Faulty generalizations reach a conclusion from weak premises. Unlike fallacies of relevance, in fallacies of defective induction, the premises are related to the conclusions yet only weakly buttress the conclusions. A faulty generalization is thus produced.
- Accident – an exception to a generalization is ignored.
- No true Scotsman – when a generalization is made true only when a counterexample is ruled out on shaky grounds.
- Cherry picking (suppressed evidence, incomplete evidence) – act of pointing at individual cases or data that seem to confirm a particular position, while ignoring a significant portion of related cases or data that may contradict that position.
- False analogy – an argument by analogy in which the analogy is poorly suited.
- Hasty generalization (fallacy of insufficient statistics, fallacy of insufficient sample, fallacy of the lonely fact, leaping to a conclusion, hasty induction, secundum quid, converse accident) – basing a broad conclusion on a small sample.
- Misleading vividness – involves describing an occurrence in vivid detail, even if it is an exceptional occurrence, to convince someone that it is a problem.
- Overwhelming exception – an accurate generalization that comes with qualifications which eliminate so many cases that what remains is much less impressive than the initial statement might have led one to assume.

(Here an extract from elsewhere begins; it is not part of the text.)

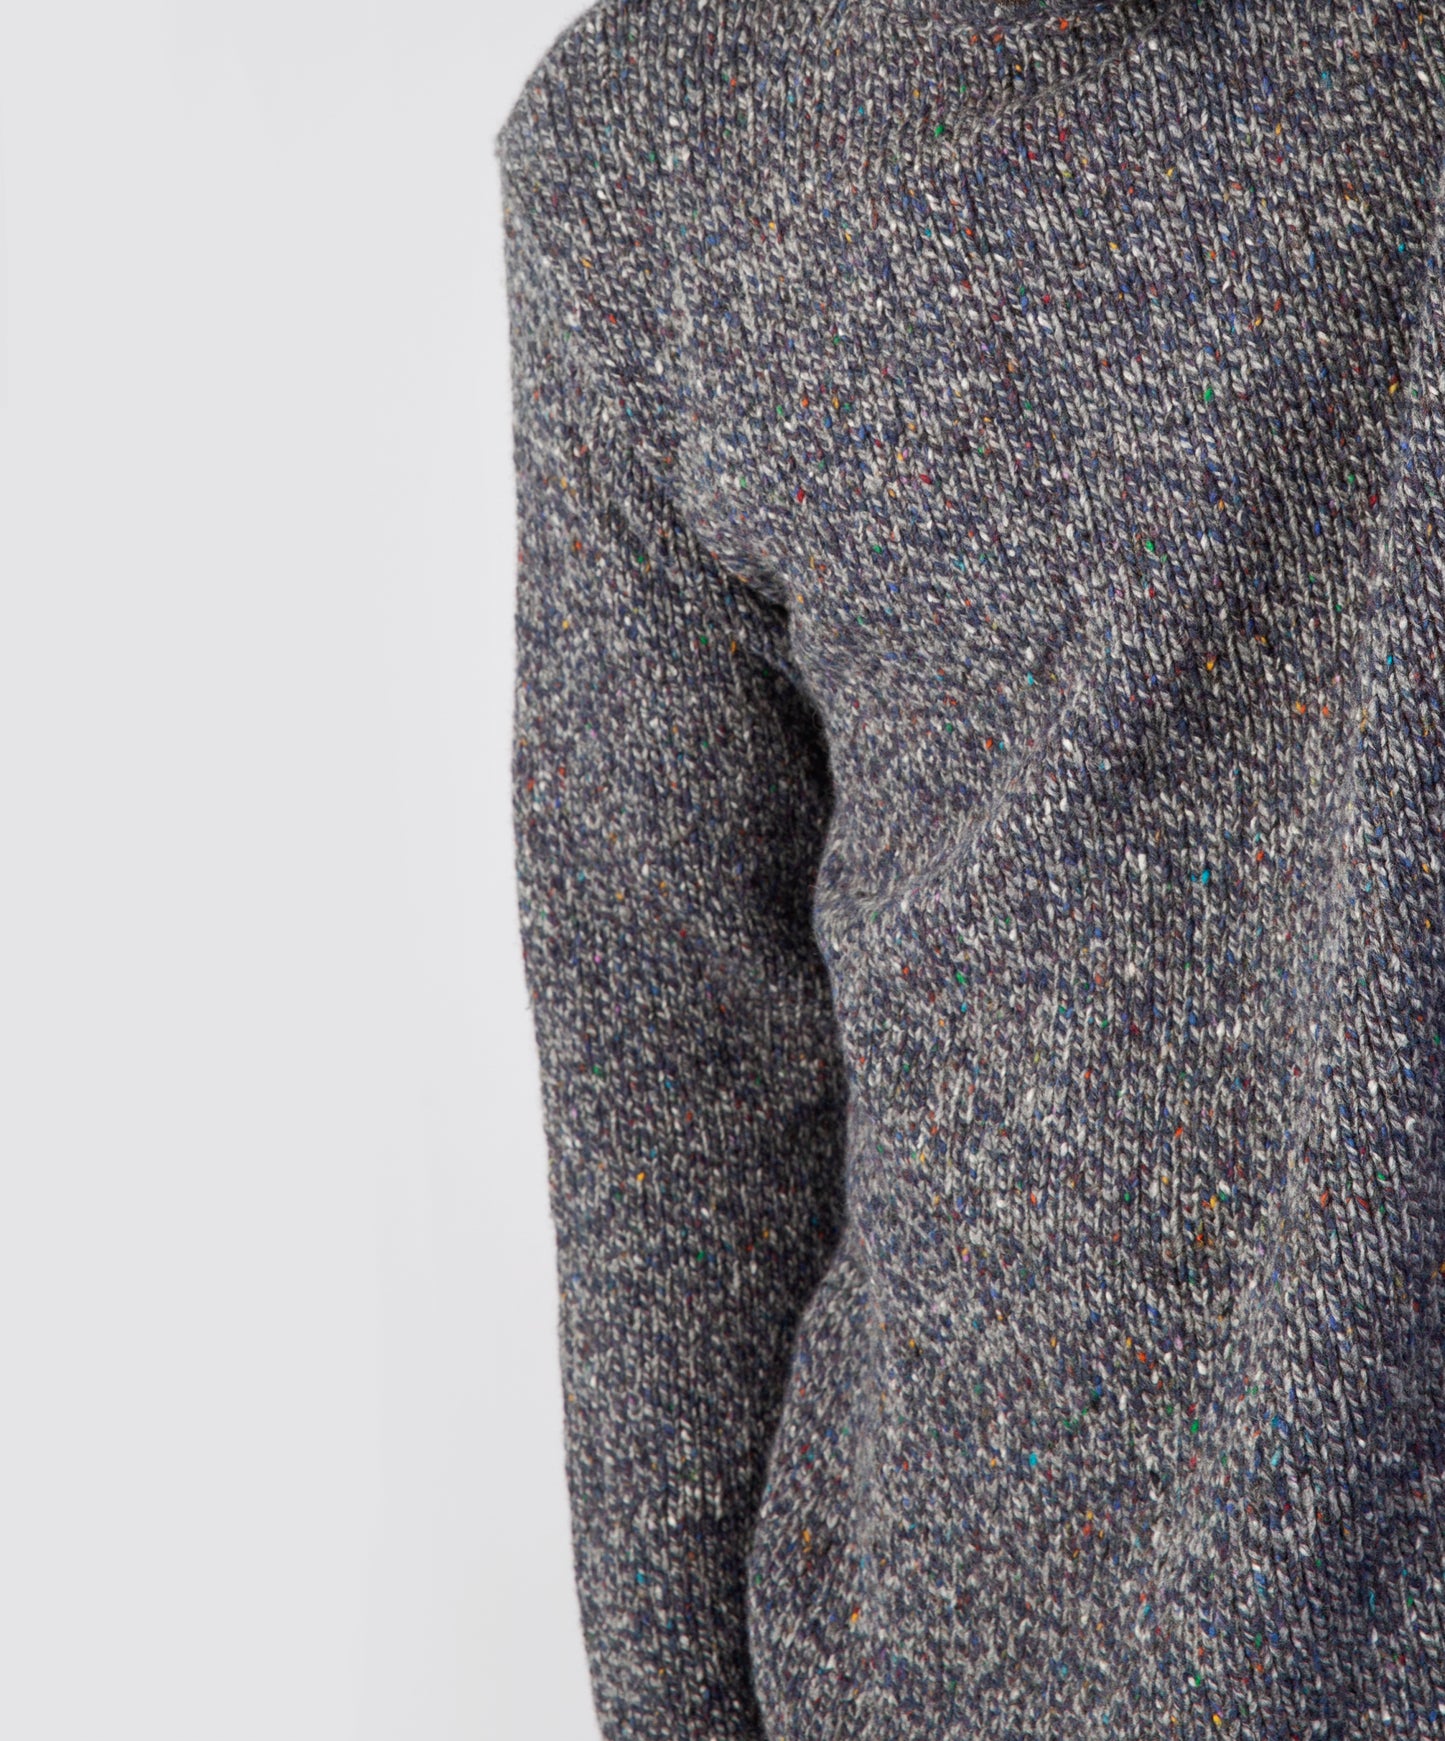 IrelandsEye Knitwear Roundstone Sweater Navy Marl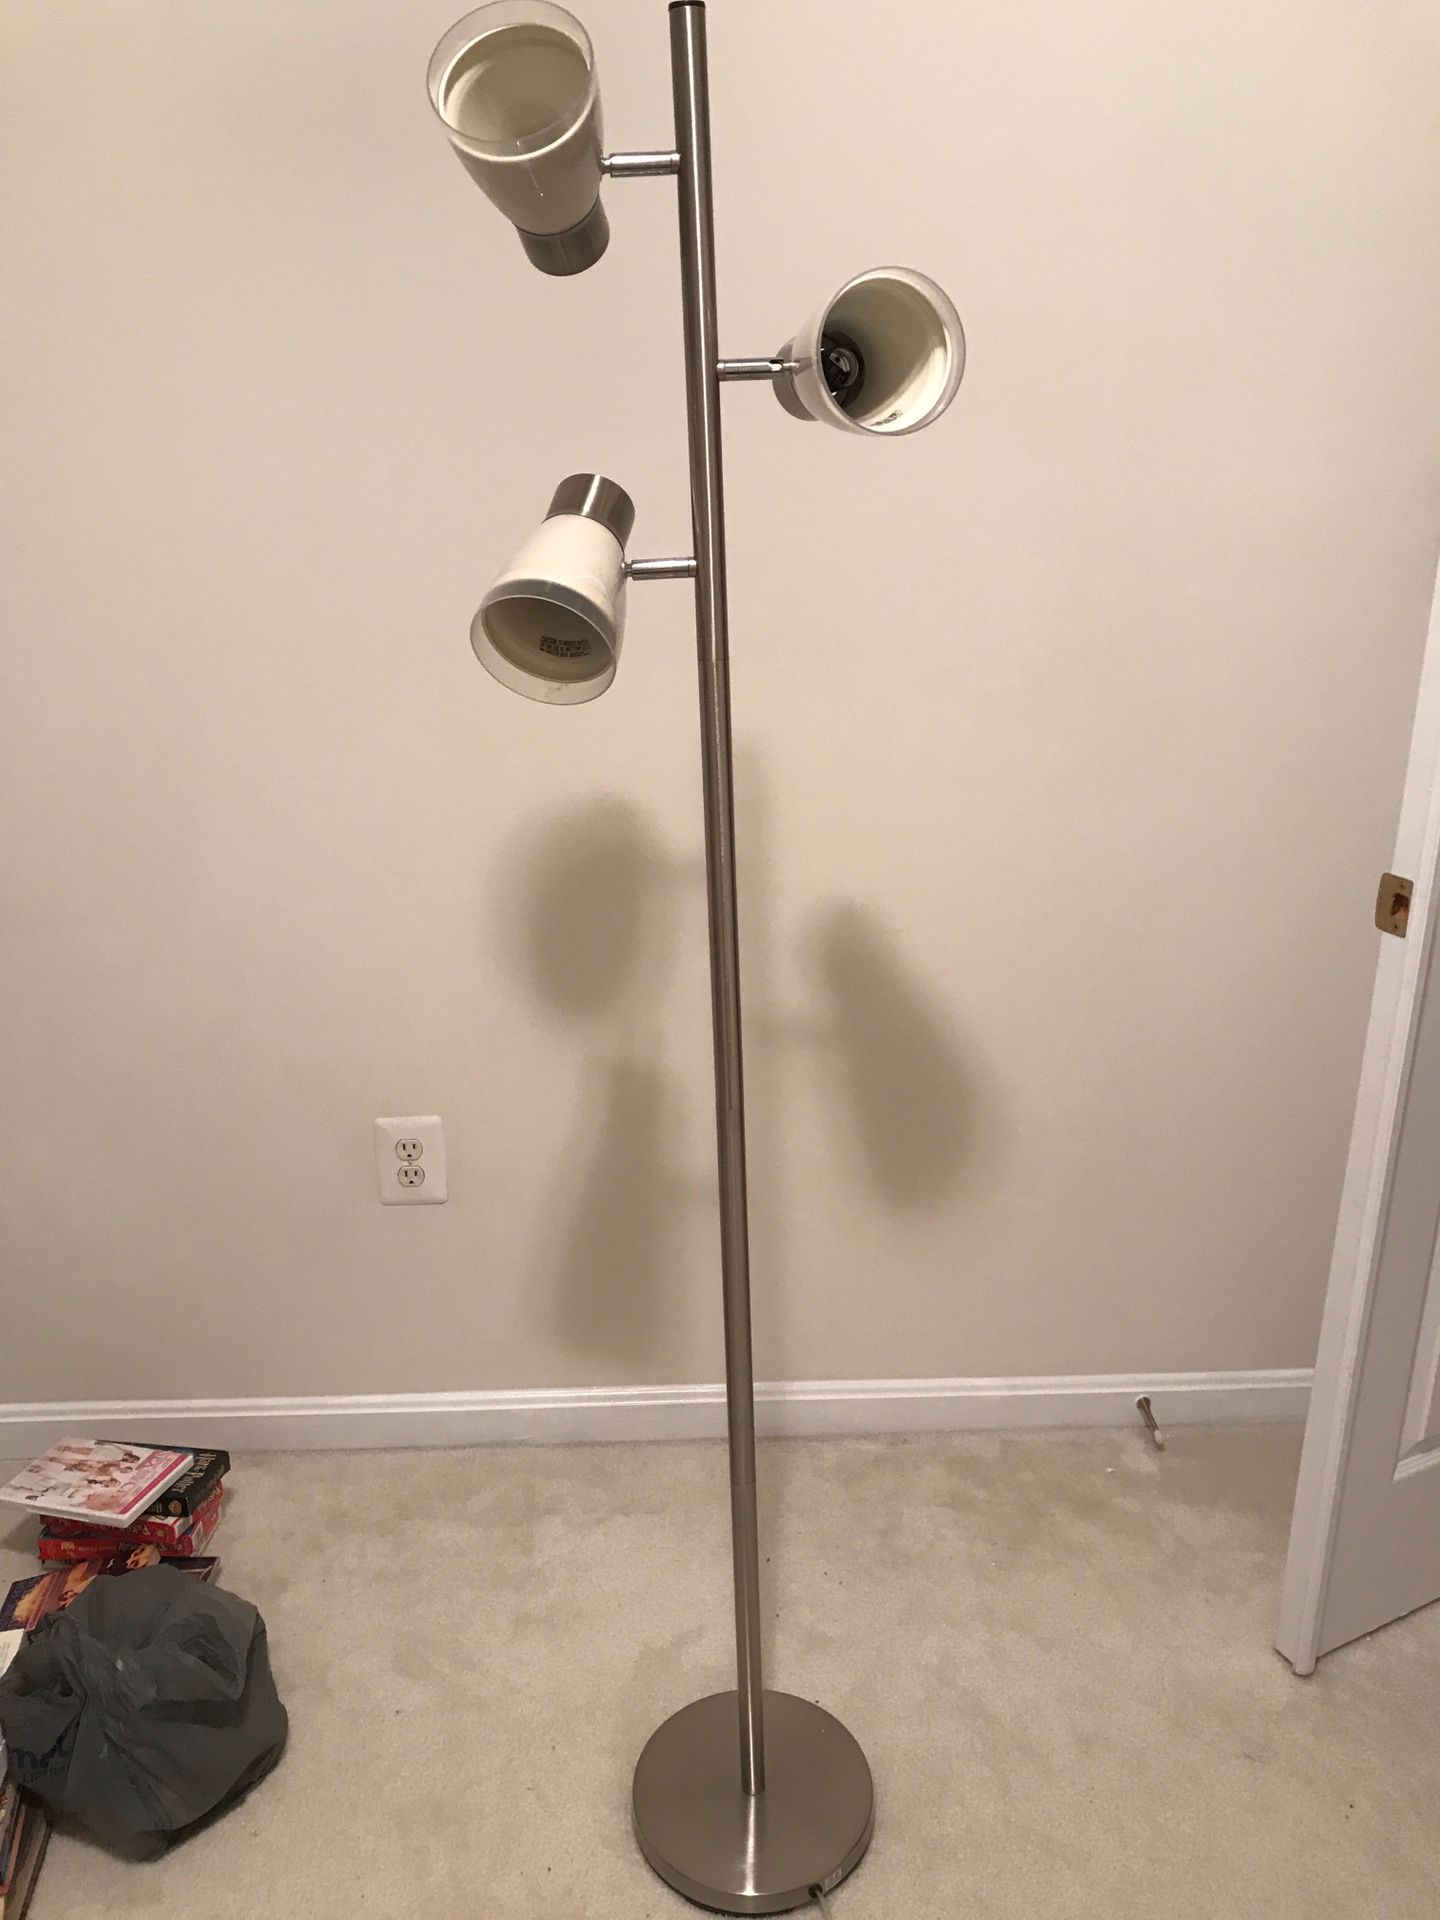 3-Light Floor Lamp

- Pathetic fallacy – when an inanimate object is declared to have characteristics of animate objects.
- Thought-terminating cliché – a commonly used phrase, sometimes passing as folk wisdom, used to quell cognitive dissonance, conceal lack of thought-entertainment, move onto other topics etc. but in any case, end the debate with a cliche—not a point.
Red herring fallacies — argument given in response to another argument, which is irrelevant and draws attention away from subject of argument. See also irrelevant conclusion.
- Ad hominem – attacking the arguer instead of the argument.
- Poisoning the well – a type of ad hominem where adverse information about a target is presented with the intention of discrediting everything that the target person says
- Abusive fallacy – a subtype of “ad hominem” when it turns into name-calling rather than arguing about the originally proposed argument.
- Argumentum ad baculum (appeal to the stick, appeal to force, appeal to threat) – an argument made through coercion or threats of force to support position
- Argumentum ad populum (appeal to belief, appeal to the majority, appeal to the people) – where a proposition is claimed to be true or good solely because many people believe it to be so
- Appeal to equality – where an assertion is deemed true or false based on an assumed pretense of equality.
- Association fallacy (guilt by association) – arguing that because two things share a property they are the same
- Appeal to authority – where an assertion is deemed true because of the position or authority of the person asserting it.
- Appeal to accomplishment – where an assertion is deemed true or false based on the accomplishments of the proposer.
- Appeal to consequences (argumentum ad consequentiam) – the conclusion is supported by a premise that asserts positive or negative consequences from some course of action in an attempt to distract from the initial discussion
- Appeal to emotion – where an argument is made due to the manipulation of emotions, rather than the use of valid reasoning
- Appeal to fear – a specific type of appeal to emotion where an argument is made by increasing fear and prejudice towards the opposing side
- Appeal to flattery – a specific type of appeal to emotion where an argument is made due to the use of flattery to gather support.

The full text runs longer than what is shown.